Characteristics of temporal-spatial differentiation in landscape pattern vulnerability in Nansihu Lake wetland, China.

LIANG Jia-xin, LI Xin-ju*   

  1. College of Resources and Environment, Shandong Agriculture University, Tai’an 271018, Shandong, China
  • Received:2017-07-17 Online:2018-02-18 Published:2018-02-18
  • Contact: E-mail: lxj0911@126.com
  • Supported by:

    This work was supported by the National Natural Science Foundation of China (41171425).

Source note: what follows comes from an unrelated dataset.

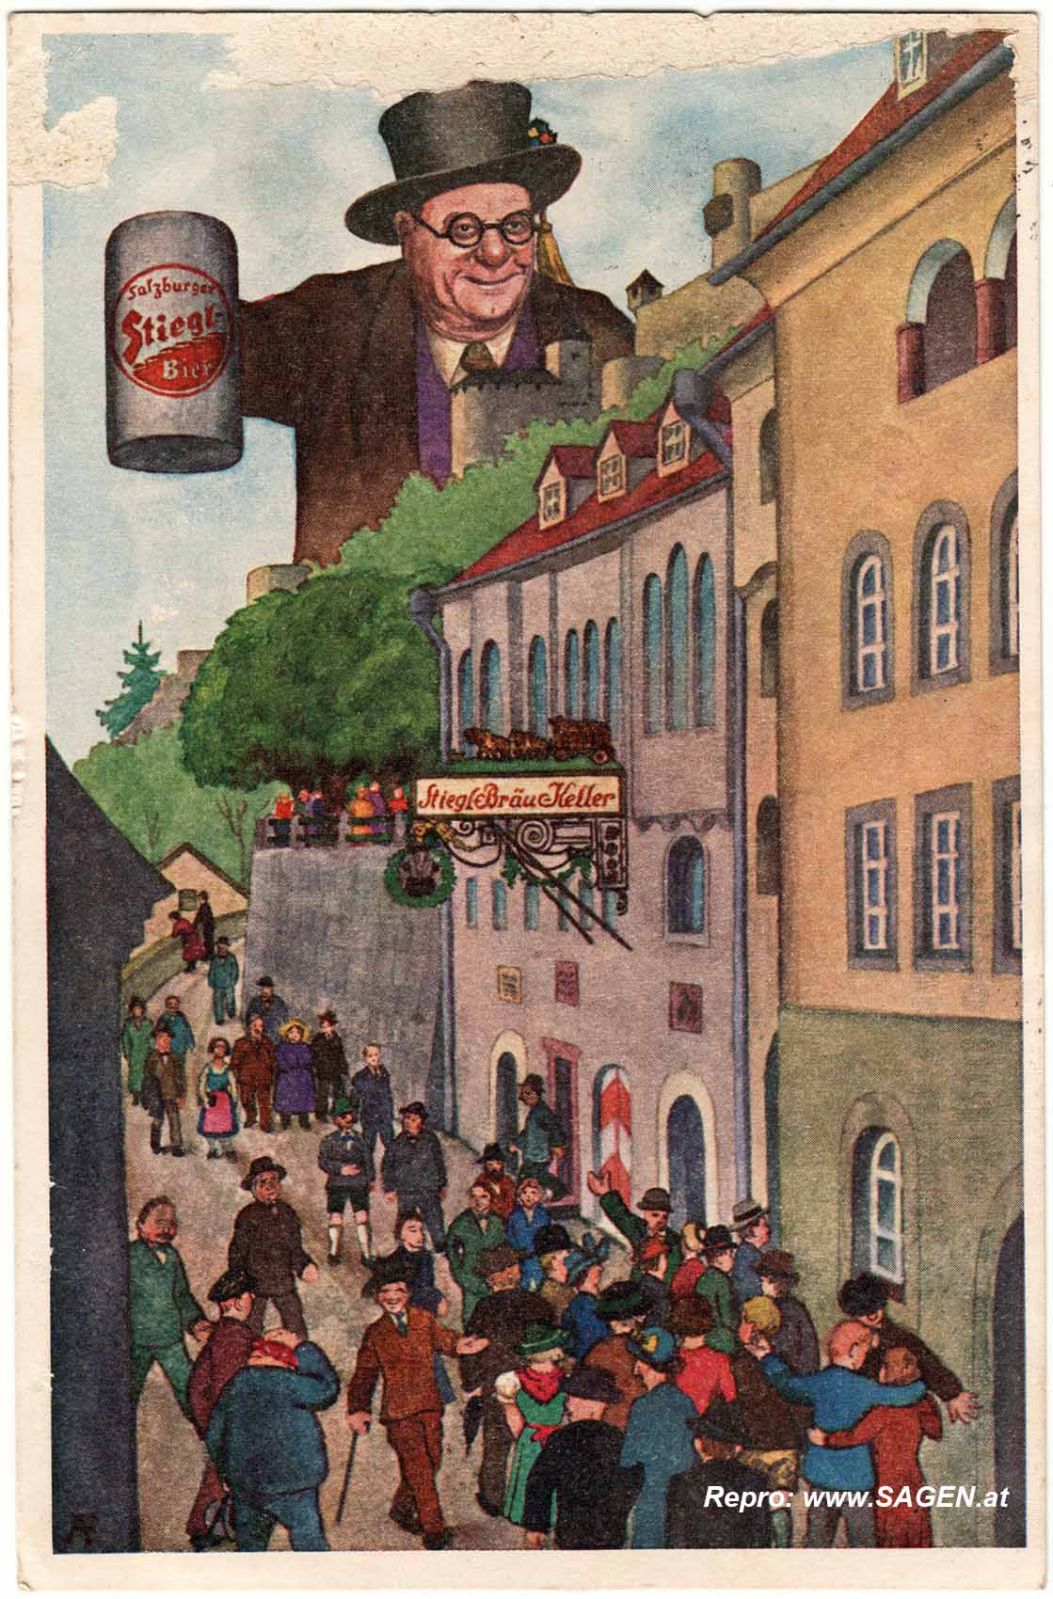 Werbung Stiegl Bräu Keller, 1930er Jahre

摘要: 选取南四湖湿地1985、2000年Landsat 5 TM及2015年Landsat 8 OLI遥感影像为数据源,利用敏感度指数和适应度指数构建景观脆弱度指数,结合半变异函数和空间自相关等空间统计学方法,探究南四湖湿地景观格局脆弱度的适宜研究尺度及该尺度下脆弱度的时空分异特征.结果表明: 1 km×1 km等间距网格能消除随机因素对各景观指数值的影响,为适宜研究尺度.1985—2015年,南四湖湿地整体景观格局脆弱度呈恶化趋势,较高、高脆弱度范围随时间显著扩张.脆弱度空间异质性上升,受非结构性因素的影响增强,由空间自相关引起的空间变异略有减弱.脆弱度全局空间正相关性较强,呈空间集聚模式,且集聚现象日趋明显;局域自相关以空间局部聚集为主,高-高区的显著性水平最强,低-低区的显著性随时间增强.气温、降水等自然因素影响湖区景观格局脆弱度的空间分布,社会经济活动、政策体制等人为因素是脆弱度恶化的主要原因.

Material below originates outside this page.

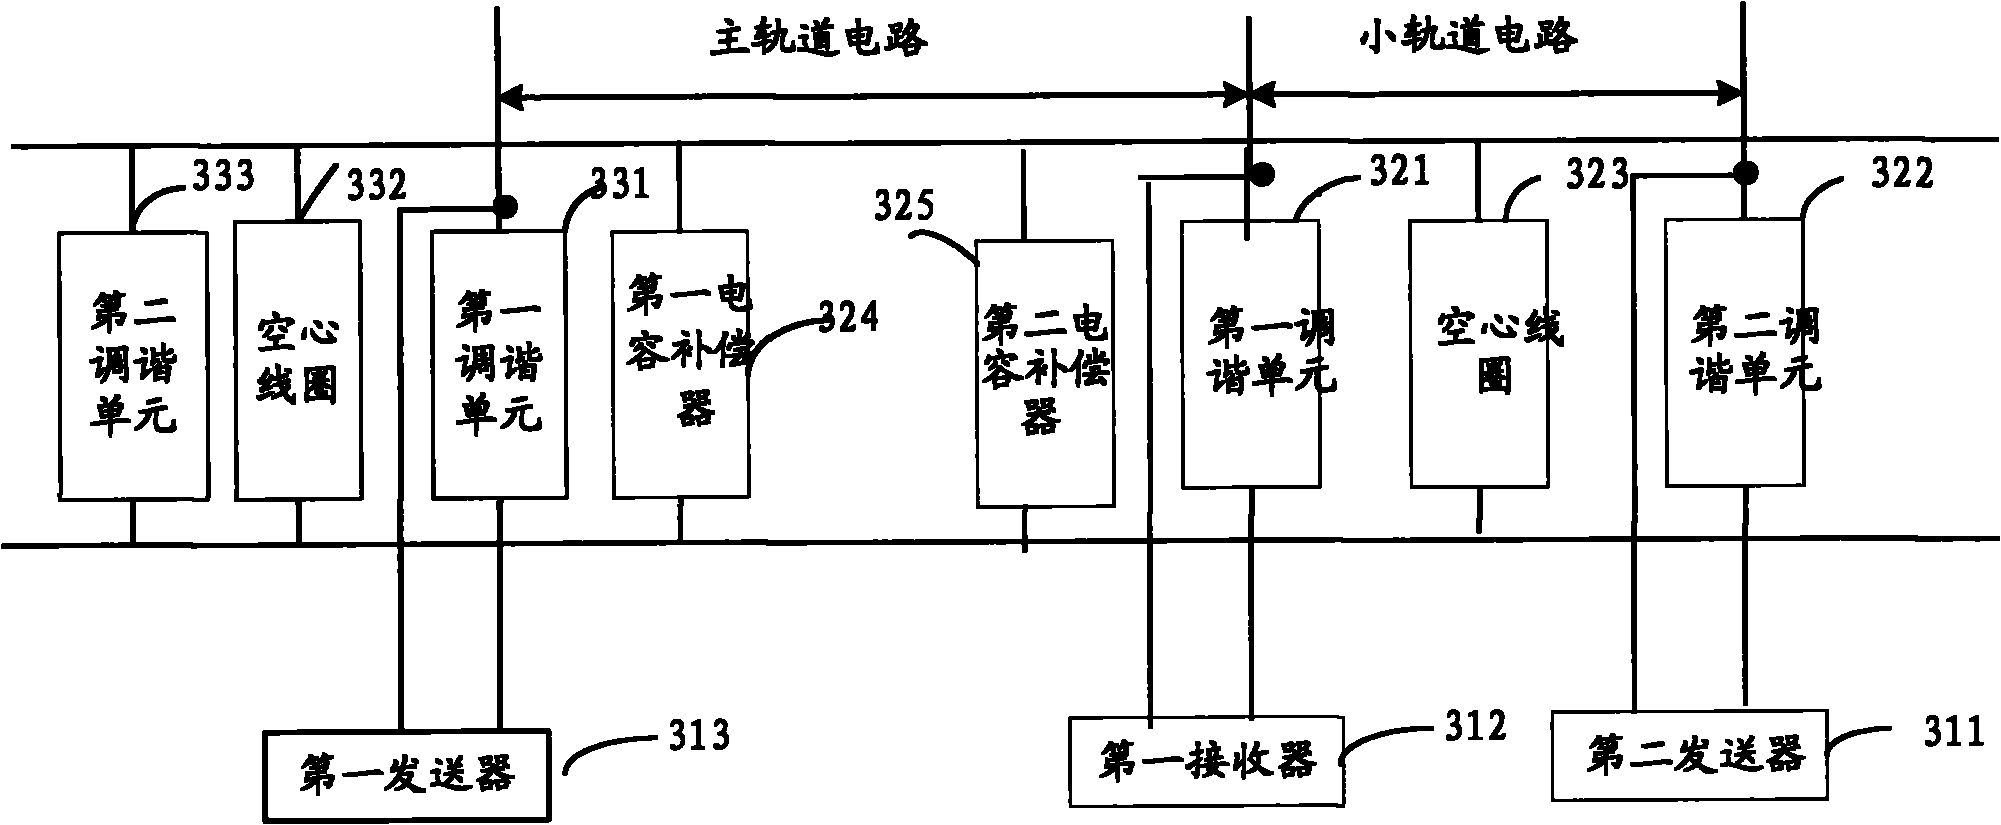 Non-insulation track circuit

Abstract: With remote sensing images from 1985, 2000 Lantsat 5 TM and 2015 Lantsat 8 OLI as data sources, we tried to select the suitable research scale and examine the temporal-spatial diffe-rentiation with such scale in the Nansihu Lake wetland by using landscape pattern vulnerability index constructed by sensitivity index and adaptability index, and combined with space statistics such as semivariogram and spatial autocorrelation. The results showed that 1 km × 1 km equidistant grid was the suitable research scale, which could eliminate the influence of spatial heterogeneity induced by random factors. From 1985 to 2015, the landscape pattern vulnerability in the Nansihu Lake wetland deteriorated gradually. The high-risk area of landscape pattern vulnerability dramatically expanded with time. The spatial heterogeneity of landscape pattern vulnerability increased, and the influence of non-structural factors on landscape pattern vulnerability strengthened. Spatial variability affected by spatial autocorrelation slightly weakened. Landscape pattern vulnerability had strong general spatial positive correlation, with the significant form of spatial agglomeration. The positive spatial autocorrelation continued to increase and the phenomenon of spatial concentration was more and more obvious over time. The local autocorrelation mainly based on high-high accumulation zone and low-low accumulation zone had stronger spatial autocorrelation among neighboring space units. The high-high accumulation areas showed the strongest level of significance, and the significant level of low-low accumulation zone increased with time. Natural factors, such as temperature and precipitation, affected water-level and landscape distribution, and thus changed the landscape patterns vulnerability of Nansihu Lake wetland. The dominant driver for the deterioration of landscape patterns vulnerability was human activities, including social economy activity and policy system.